Assessment of three methods to train deep learning models with hybrid data in the context of forging processes

  • Pasquelin, Marius (LCFC Arts et Metiers Sciences et Technologie)
  • Durand, Camille (LCFC Arts et Metiers Sciences et Technologie)
  • Baudouin, Cyrille (LCFC Arts et Metiers Sciences et Technologie)
  • Bigot, Régis (LCFC Arts et Metiers Sciences et Technologie)

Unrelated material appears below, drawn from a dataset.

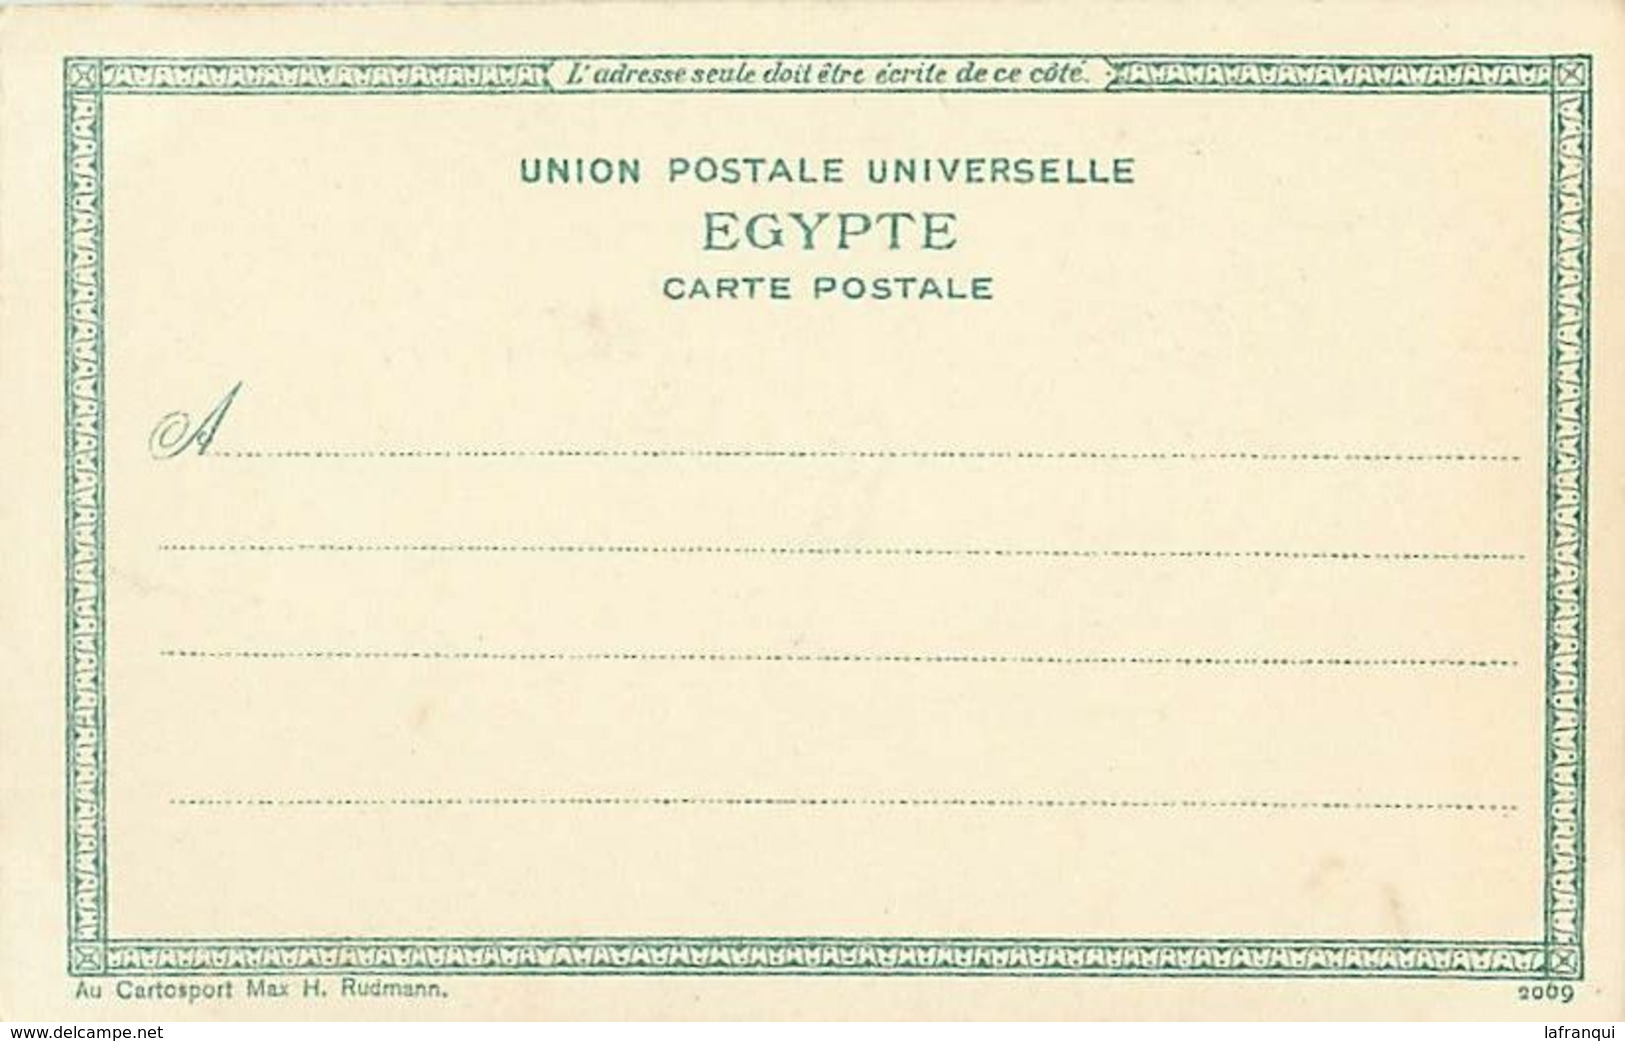 Pays Div- Ref X785- Egypte - Egypt - Pyramides - Ascension Of The Pyramide  - Cairo - Le Caire - - Pyramiden

Please login to view abstract download link

The development of surrogate models based on deep learning techniques makes it possible to design models that are both accurate and computationally efficient. Such models can be leveraged in forging processes, where instrumentation is often challenging due to harsh operating conditions (high temperatures, high strain rates, vibrations), and could provide real-time feedback to the operator during processing. A pipeline relying on hybrid training data—combining synthetic data generated from finite element (FE) simulations and experimental data from measurements—is proposed. Three approaches enabling such hybrid training are examined in this study: transfer learning, residual learning, and Model Agnostic Meta Learning (MAML). Their ability to transfer knowledge from one or several initial datasets—rich but biased—toward a target dataset that is sparse in data is assessed. Particular attention is given to the performance of each method as a function of the amount of available target data. In this work, the so-called experimental data are generated using FE simulations in order to evaluate model performance. Having full control over these “experimental” data makes it possible to quantify the impact of potential sensor failures by adding noise, as well as to determine the amount of data required to achieve satisfactory training. The models employed are Multi Layer Perceptrons trained using a Mean Squared Error (MSE) loss function, while the Mean Absolute Percentage Error (MAPE) is used as the evaluation metric. The preliminary results indicate that transfer learning and MAML clearly outperform the other approaches in low data regimes, with performance differences between the methods diminishing as the size of the target dataset increases.